While often dismissed, privacy in public spaces is rapidly becoming more recognised as an essential value for the exercise of public protest. For example, the United Nations Human Rights Committee’s (HRC) draft general comment on article 21 of the International Covenant on Civil and Political Rights (ICCPR) regarding the right of peaceful assembly[30] makes mention of the importance of the right to express your opinions anonymously, including in public spaces. It points out that even when “anonymous participation and the wearing of face masks may present challenges to law enforcement agencies, for example by limiting their ability to identify those who engage in violence,” masks or other mechanisms to hide the identity of participants in a protest “should not be the subject of a general ban.”

The HRC further justifies the protection of anonymity in the context of a protest by noting that “concerns about identification may deter people with peaceful intentions from participation in demonstrations, or face masks could be part of the chosen form of expression.”

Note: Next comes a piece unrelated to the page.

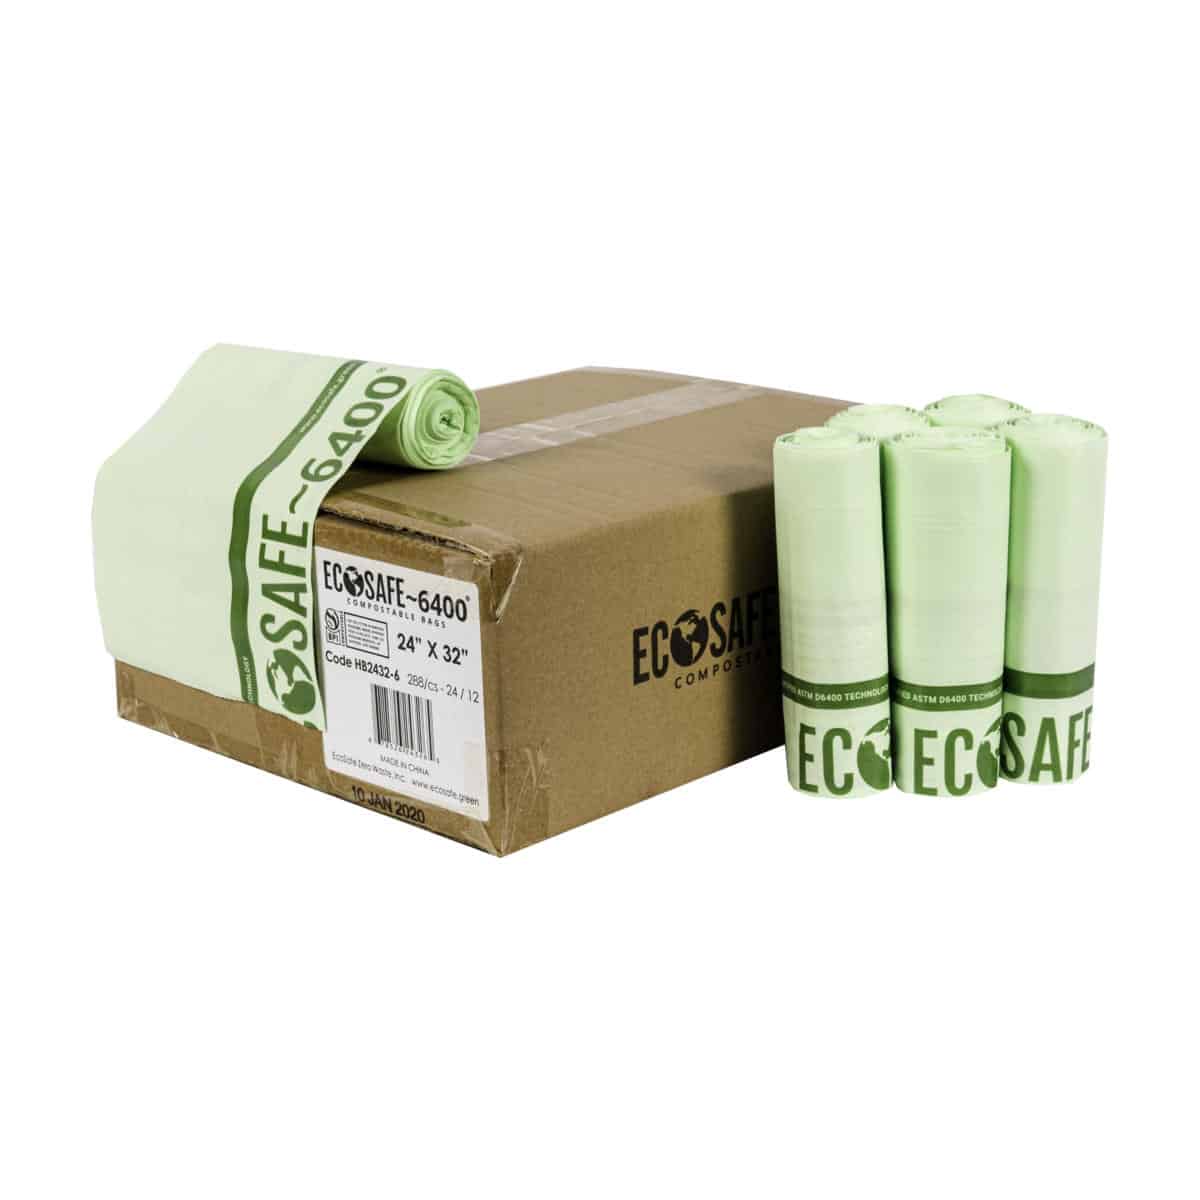 EcoSafe 24x32 Compostable Bags/Liners

It is in this context that the HRC recognises the importance of the protection of privacy in public places from technologies like facial recognition by stating that “the mere fact that participants in assemblies are out in public does not mean that their privacy cannot be infringed, for example, by facial recognition and other technologies that can identify individual participants in mass assemblies.”

Content moderation

As online spaces increasingly become essential for deliberation and the formation of public opinion, the power wielded by the biggest internet platforms on deciding what can and cannot be expressed by the users of their services has become more and more relevant.

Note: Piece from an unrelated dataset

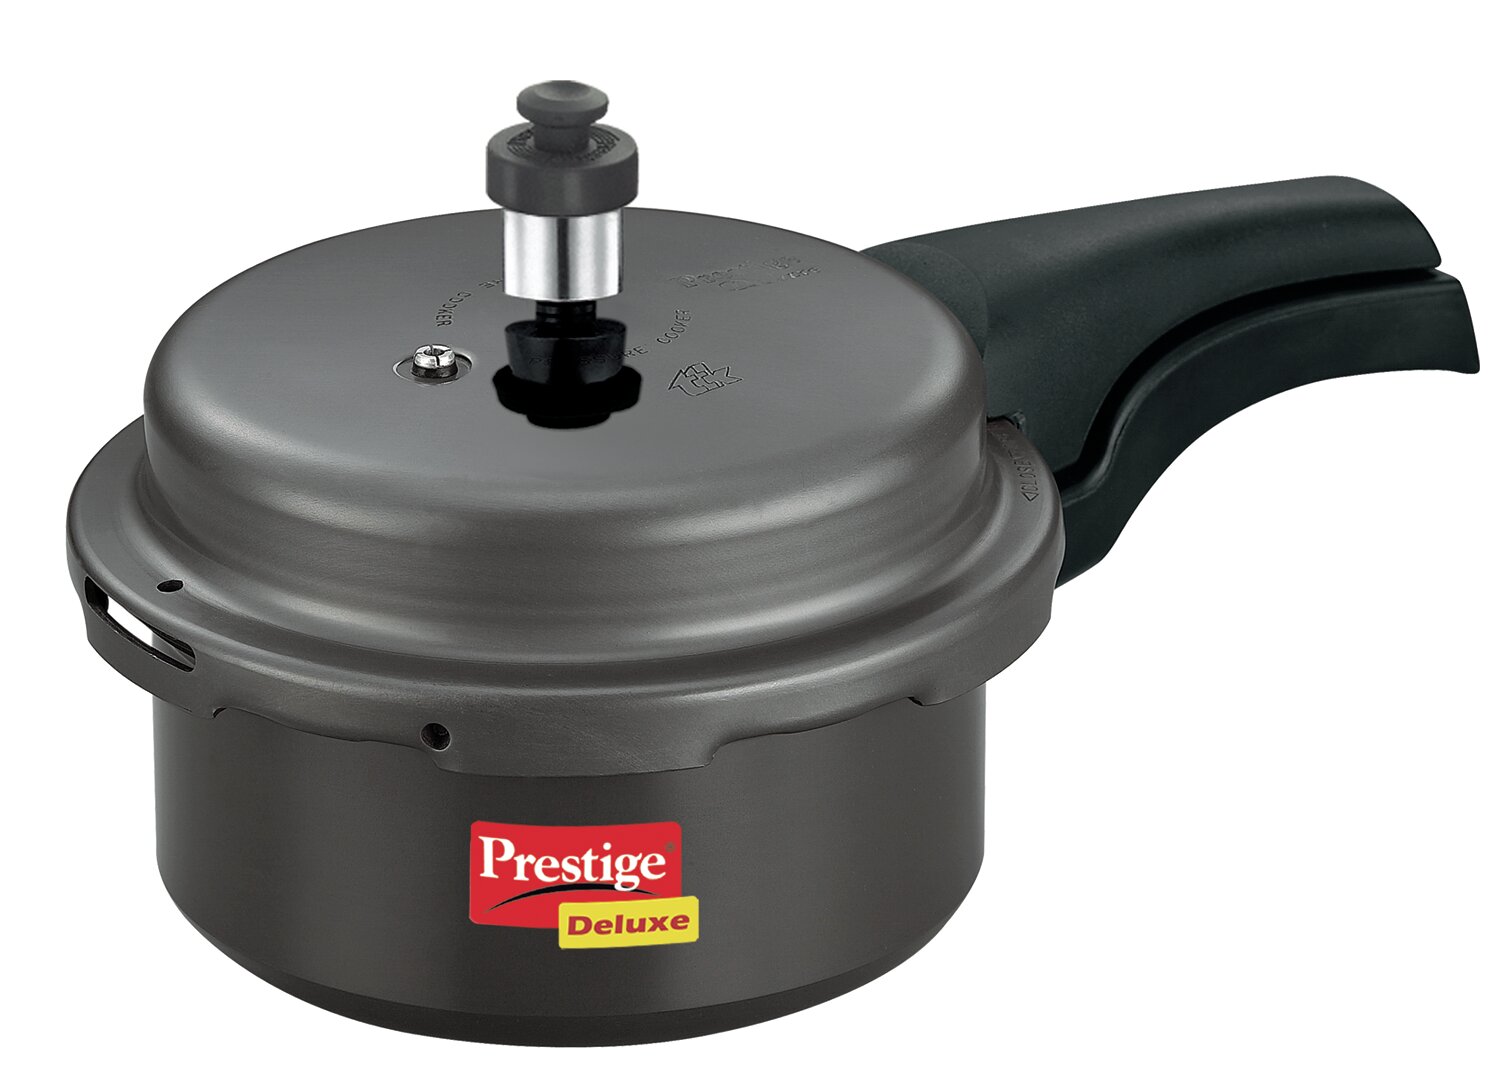 Prestige Cookers Deluxe Hard Anodized Pressure Cooker Reviews

Increasing pressure for stricter content moderation, for example, with the aim of curbing copyright infringement, child pornography, incitement to violence and other categories of speech, has produced surging investment in the development of AI tools capable of detecting and removing infringing content.

While AI has been touted as a solution to the serious harms that content moderation produces for workers entrusted to carry out this task,[31] the risk of false positives and the increased obstacles for transparency and accountability pose a serious risk for freedom of expression online.

As UN Special Rapporteur on the promotion and protection of the right to freedom of opinion and expression David Kaye mentioned in a report on the implications of AI technologies for human rights in the information environment, “AI-driven content moderation has several limitations, including the challenge of assessing context and taking into account widespread variation of language cues, meaning and linguistic and cultural particularities.”[32] As a result, the use of AI for content moderation is susceptible to making many mistakes when removing content.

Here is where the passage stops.